> Given material:
++++

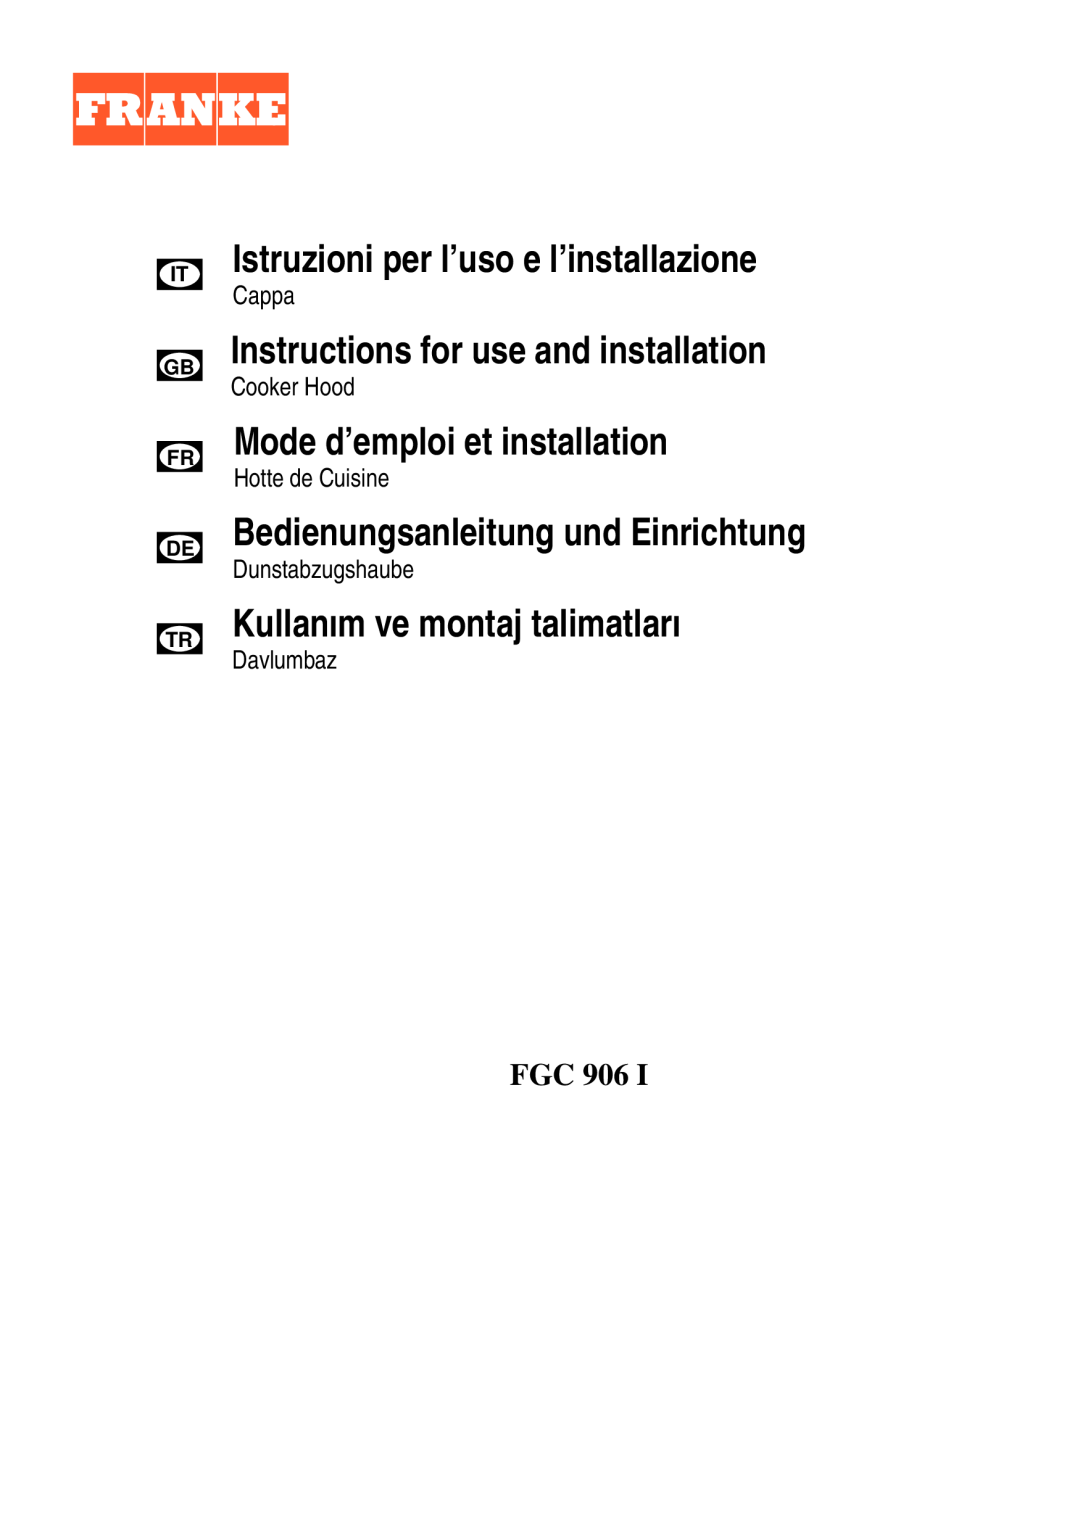 Franke Consumer Products FGC 906 I manual Istruzioni per l’uso e l’installazione, Instructions for use and installation 
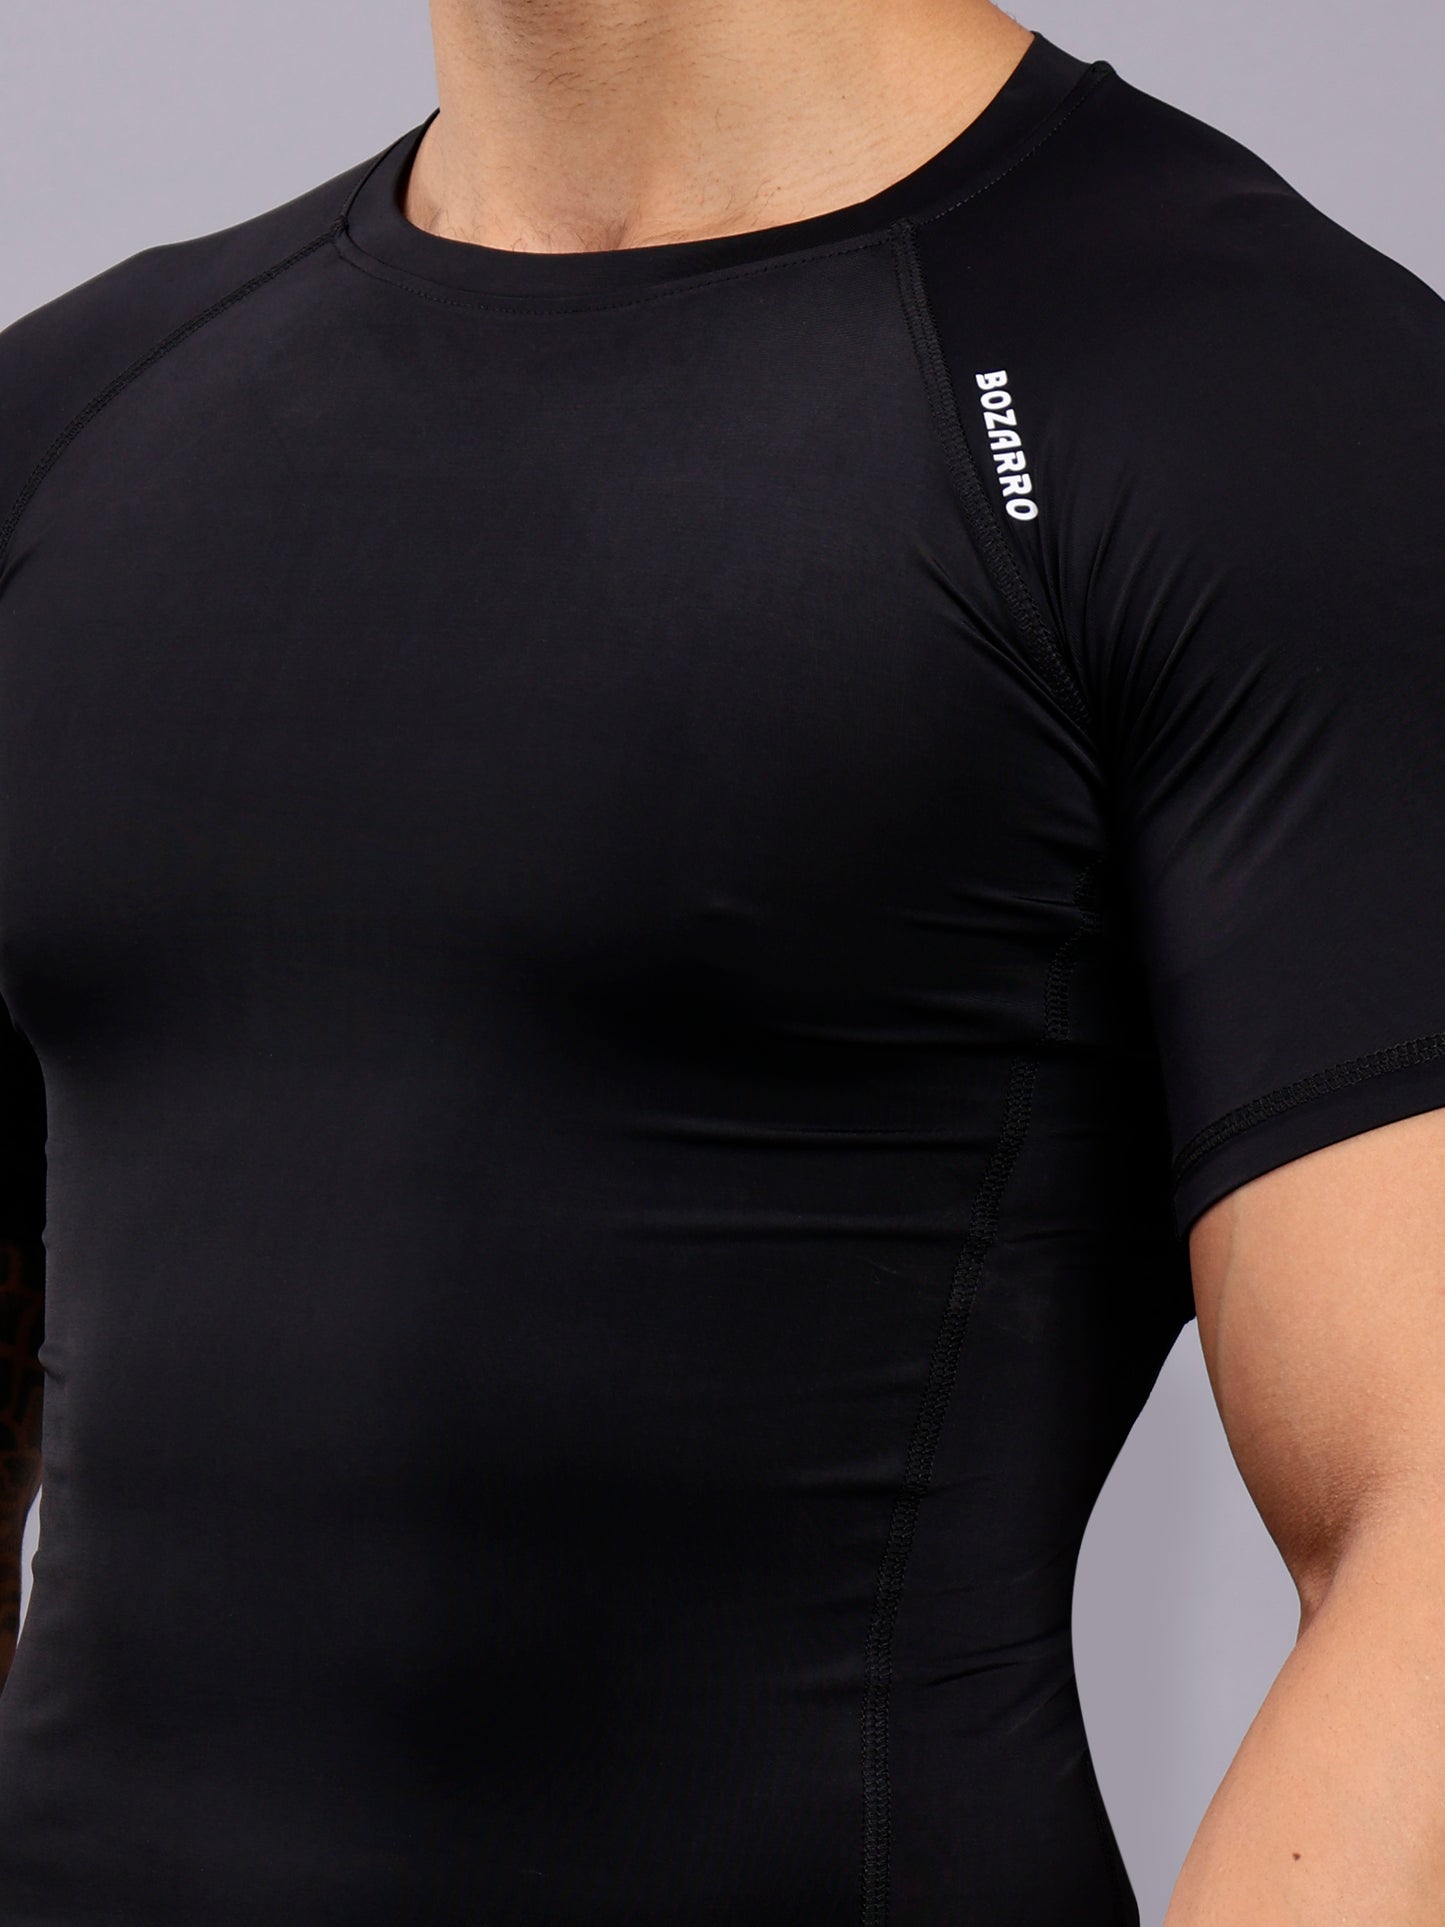 Round neck Compression half sleeve tshirt-Black
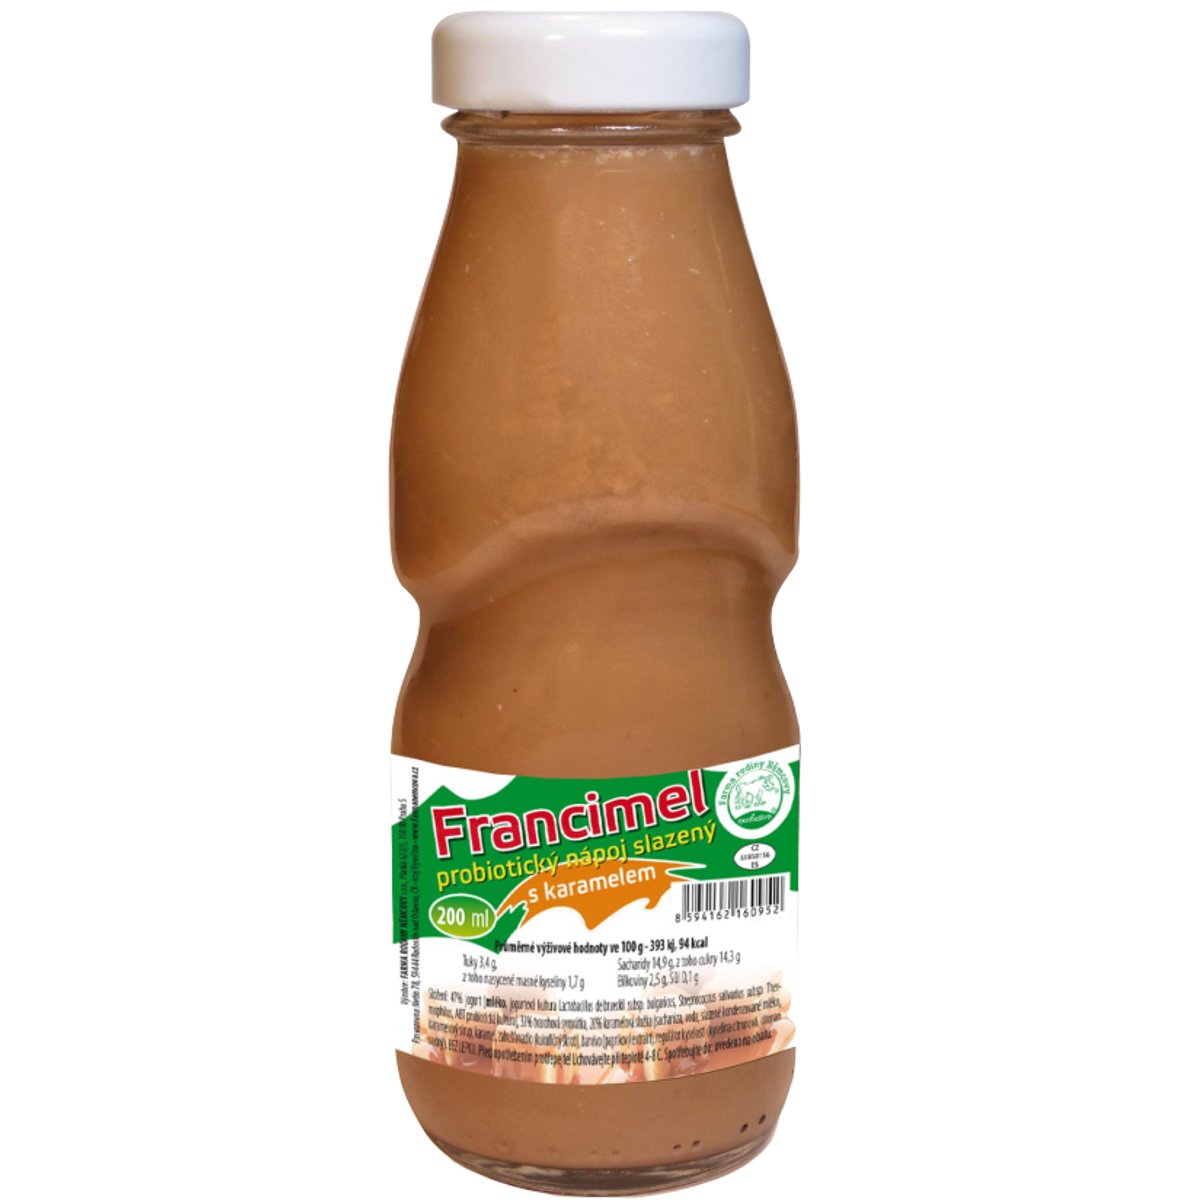 Farma rodiny Němcovy Francimel probiotický nápoj s karamelem v akci
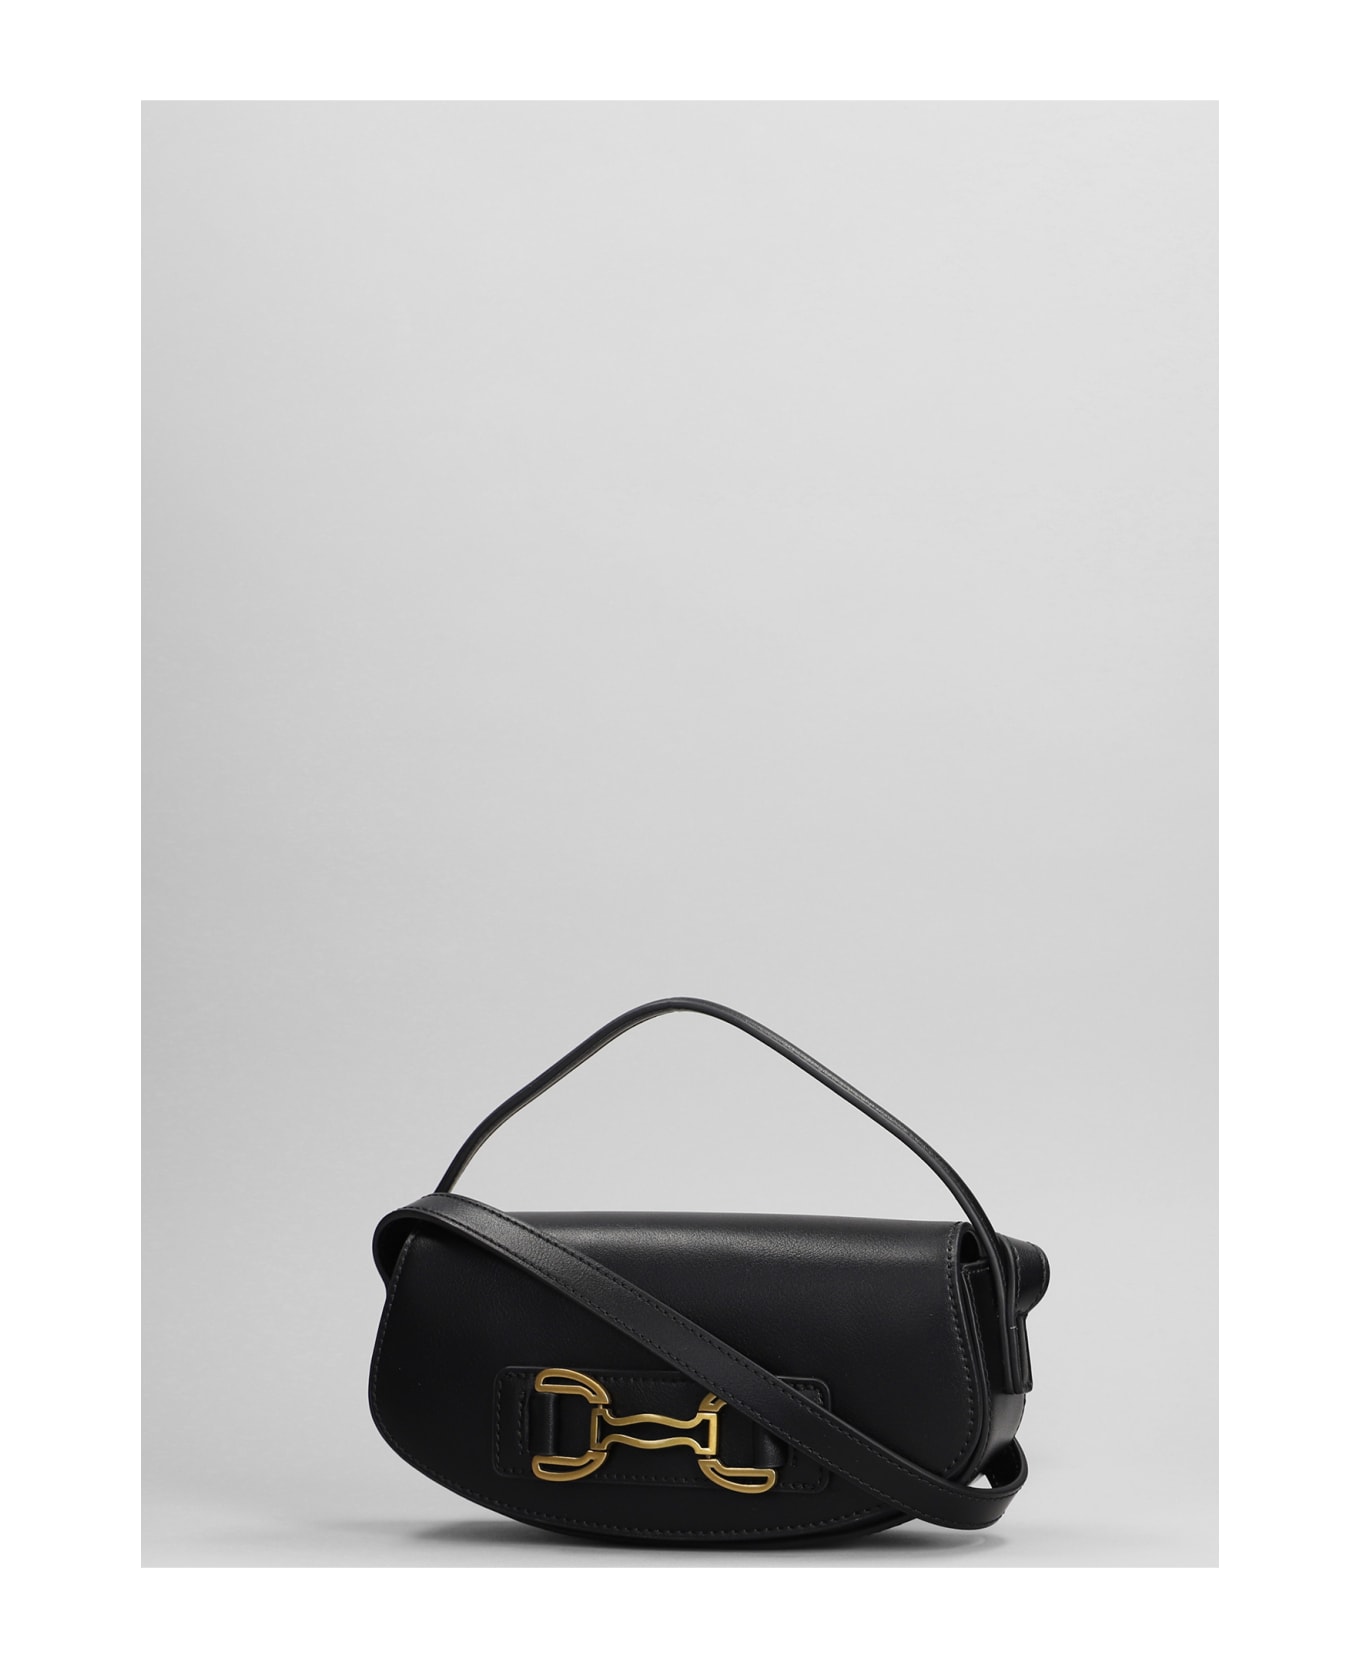 Bibi Lou Shoulder Bag In Black Leather - black

++++

> About this task:
The answer should match the material exactly, with every picture removed.

> Output below:
 Franke Consumer Products FGC 906 I manual Istruzioni per l’uso e l’installazione, Instructions for use and installation 
 Round neck Compression half sleeve tshirt-Black
 Farma rodiny Němcovy Francimel probiotický nápoj s karamelem v akci
 Bibi Lou Shoulder Bag In Black Leather - black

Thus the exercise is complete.